Мой неожиданный ответ заставляет его замолчать. Следствие продолжается. Неучастие Бурсе доказывается окончательно. Соглашаются, что он подвергся шантажу, и я подкрепляю это мнение. Нет и доказательств участия Нарри и Кенье. Остаемся мы с Карбонери. С Карбонери снимается обвинение в краже и укрытии государственного имущества, а остается лишь обвинение в соучастии в побеге. Он получит не более шести месяцев. Что касается меня, то дела усложняются. Несмотря на все показания в мою пользу, ответственный за следствие не согласен принять версию о самозащите. Деге видел мое дело и, по его мнению, меня не смогут приговорить к смерти, так как я ранен. Обвинение опирается и еще на один факт: оба араба утверждают, что нож первым вытащил я.

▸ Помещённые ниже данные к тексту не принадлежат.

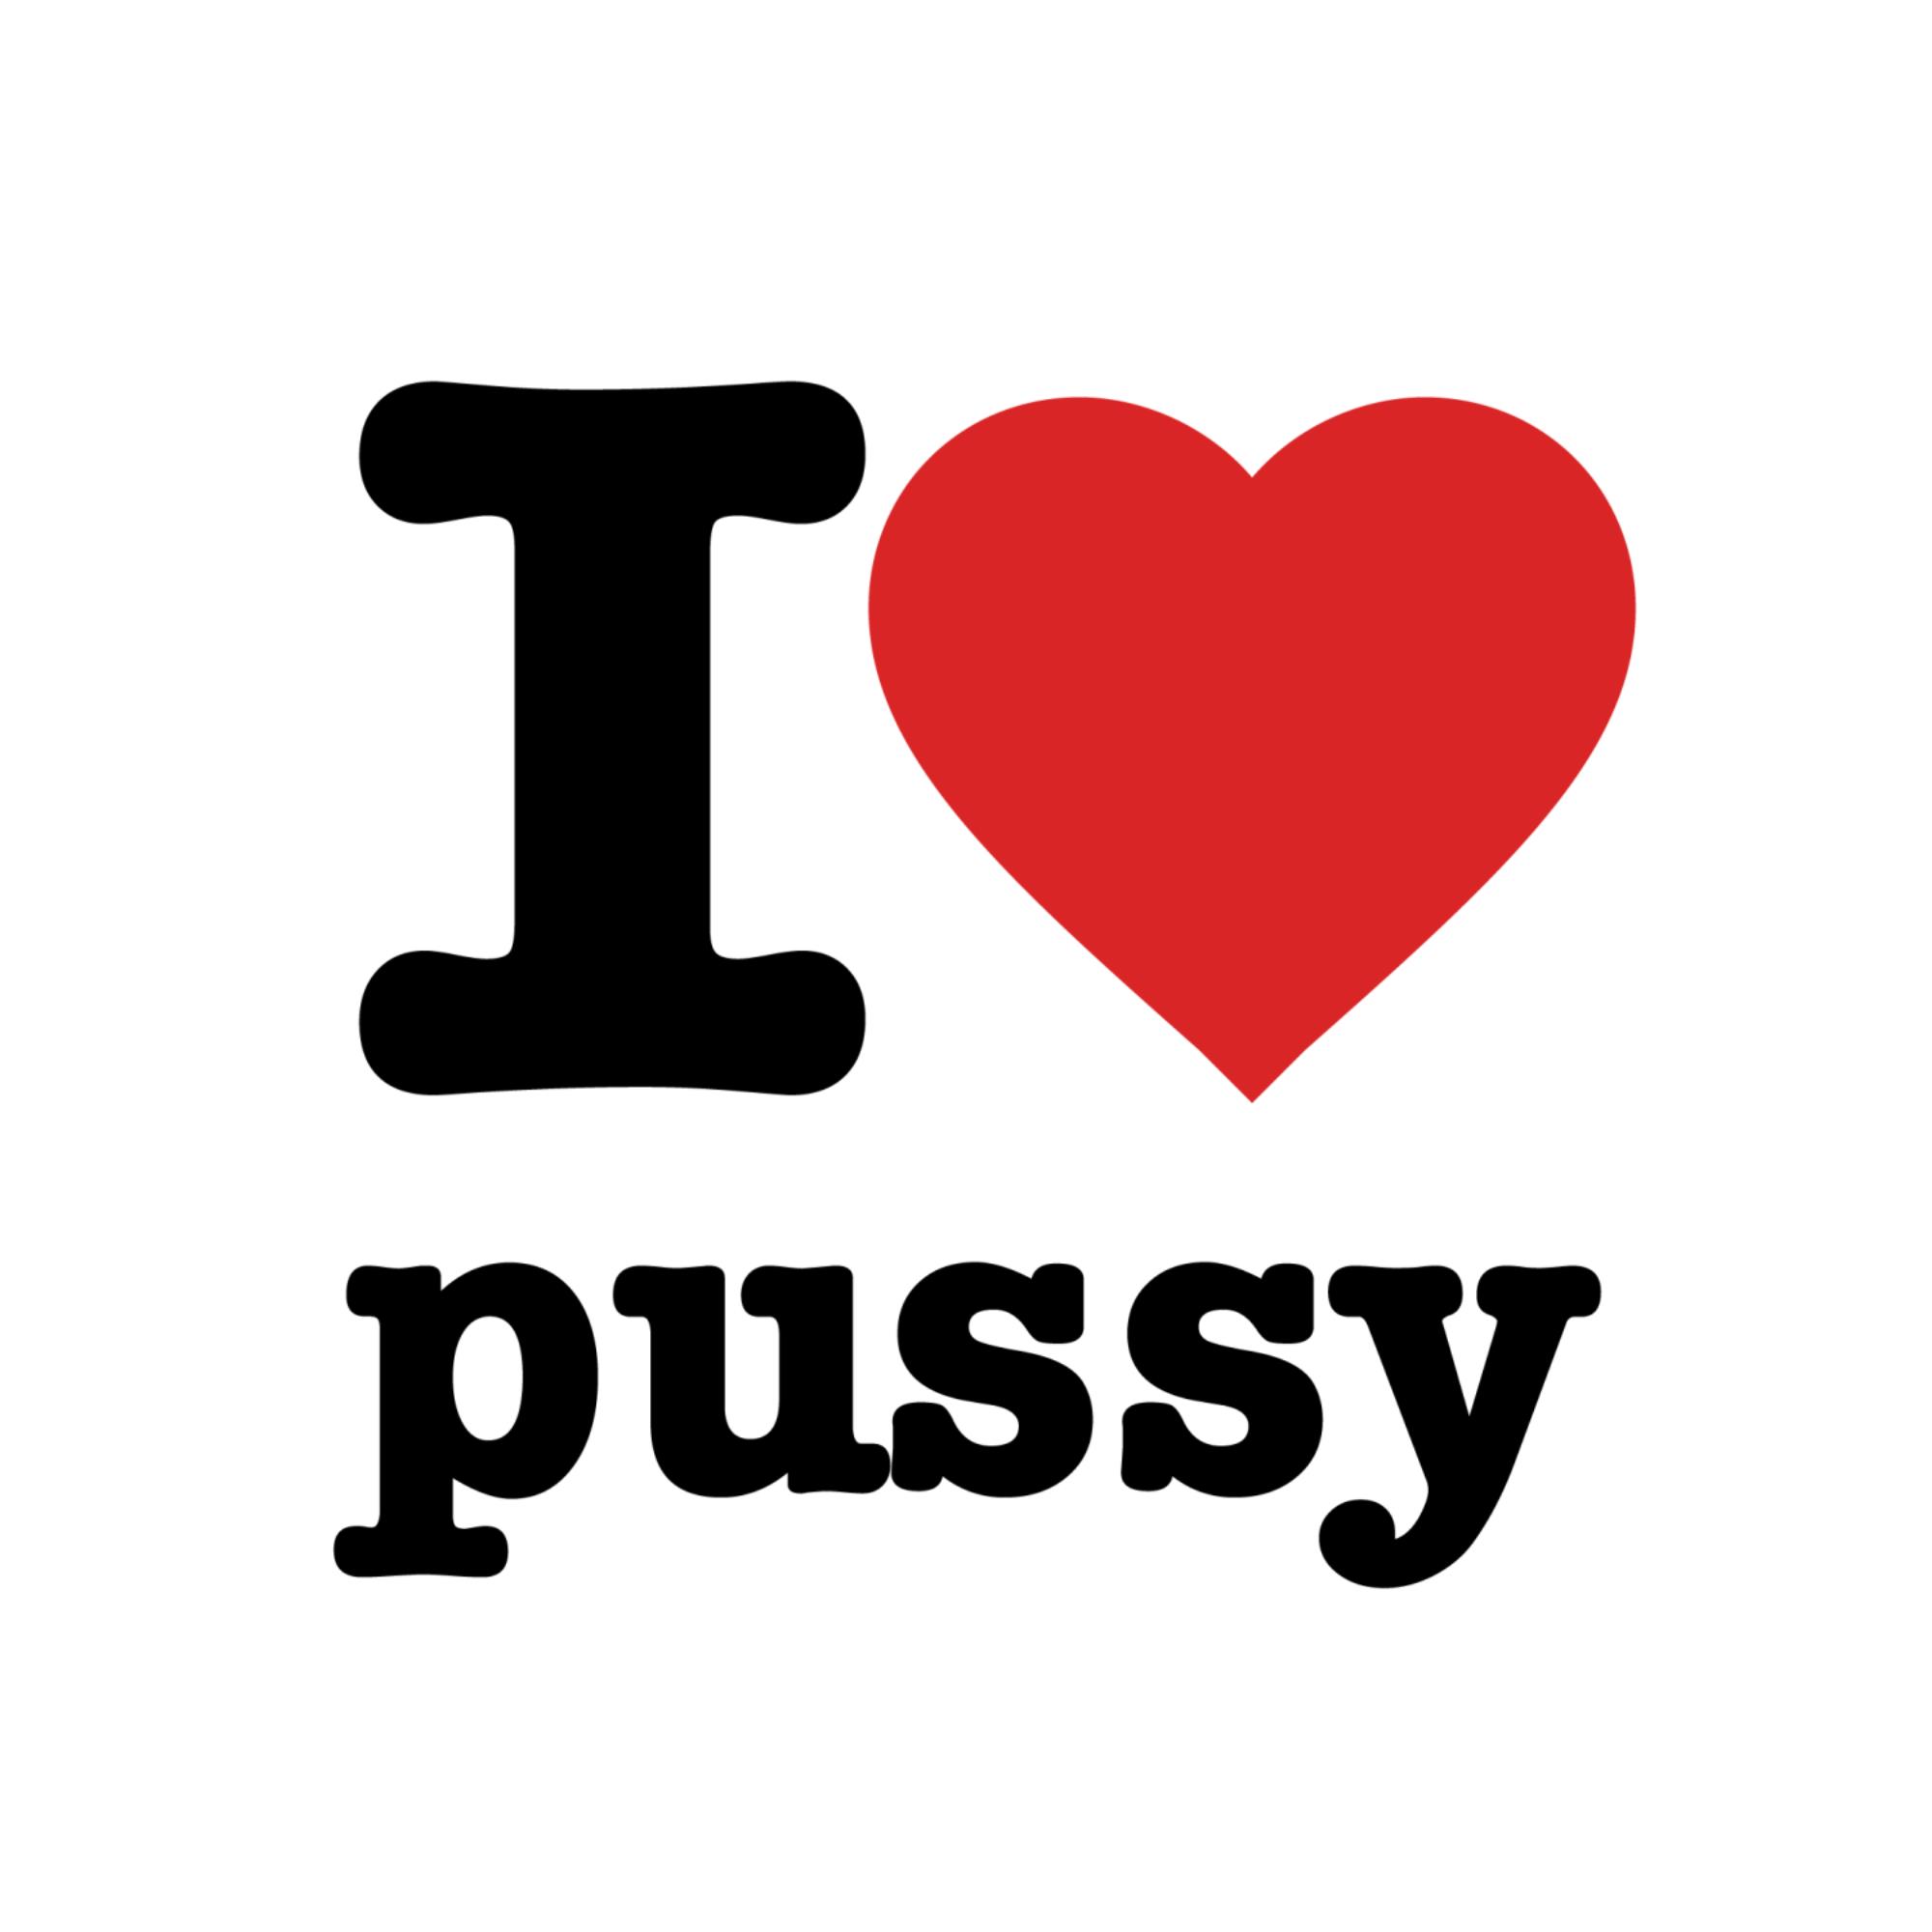 ashley cirelli recommends i love pussy pic

Следствие закончено. Меня должны повезти в Сен-Жозеф на суд. Я беспрерывно курю. Комендант и надзиратели, кроме следователя и надзирателя мастерской, не проявляют ко мне враждебности. Они дружелюбно разговаривают со мной и дают табак.
Сегодня вторник, а в четверг я отплываю. В среду утром, когда я нахожусь во дворе, меня подзывает к себе комендант и говорит:
— Идем со мной.
Я выхожу с ним без сопровождения. Спрашиваю, куда мы идем, но он, не отвечая, спускается по тропе, которая ведет к его дому. По дороге он сам мне говорит:
— Жена хочет тебя видеть перед отплытием. Мне не хотелось ее огорчить, приведя тебя с вооруженным надзирателем. Надеюсь, ты будешь вести себя хорошо.
— Конечно, комендант.
Подходим к его дому.
— Жюльет, я привел, как обещал, твоего протеже. Он должен вернуться до обеда. В твоем распоряжении примерно час.
Жюльет подходит ко мне, кладет мне руку на плечо и смотрит прямо в глаза. В ее черных блестящих глазах стоят слезы.
— Ты сумасшедший, мой друг. Скажи ты мне, что хочешь бежать, я бы наверняка могла тебе помочь. Я просила мужа помочь тебе, и он говорит, что, к сожалению, это от него не зависит. Я позвала тебя, чтобы увидеть, как ты выглядишь, и отблагодарить тебя за рыбу, которую ты с такой щедростью давал мне на протяжении стольких месяцев. Вот тысяча франков, — это все, что я могу тебе дать. Мне жаль, что не могу дать больше.
— Послушай, госпожа, мне не нужны деньги. Это все испортит. Не настаивай на этом.
— Как хочешь, — говорит она. — Немного легкого пастиса?
На протяжении целого часа я слушаю добрые слова, которые не жалеет для меня эта прекрасная женщина. Она считает, что меня оправдают по обвинению в убийстве этой сволочи и что за все остальное я получу от восемнадцати месяцев до двух лет. На прощание она долго пожимала мне руку.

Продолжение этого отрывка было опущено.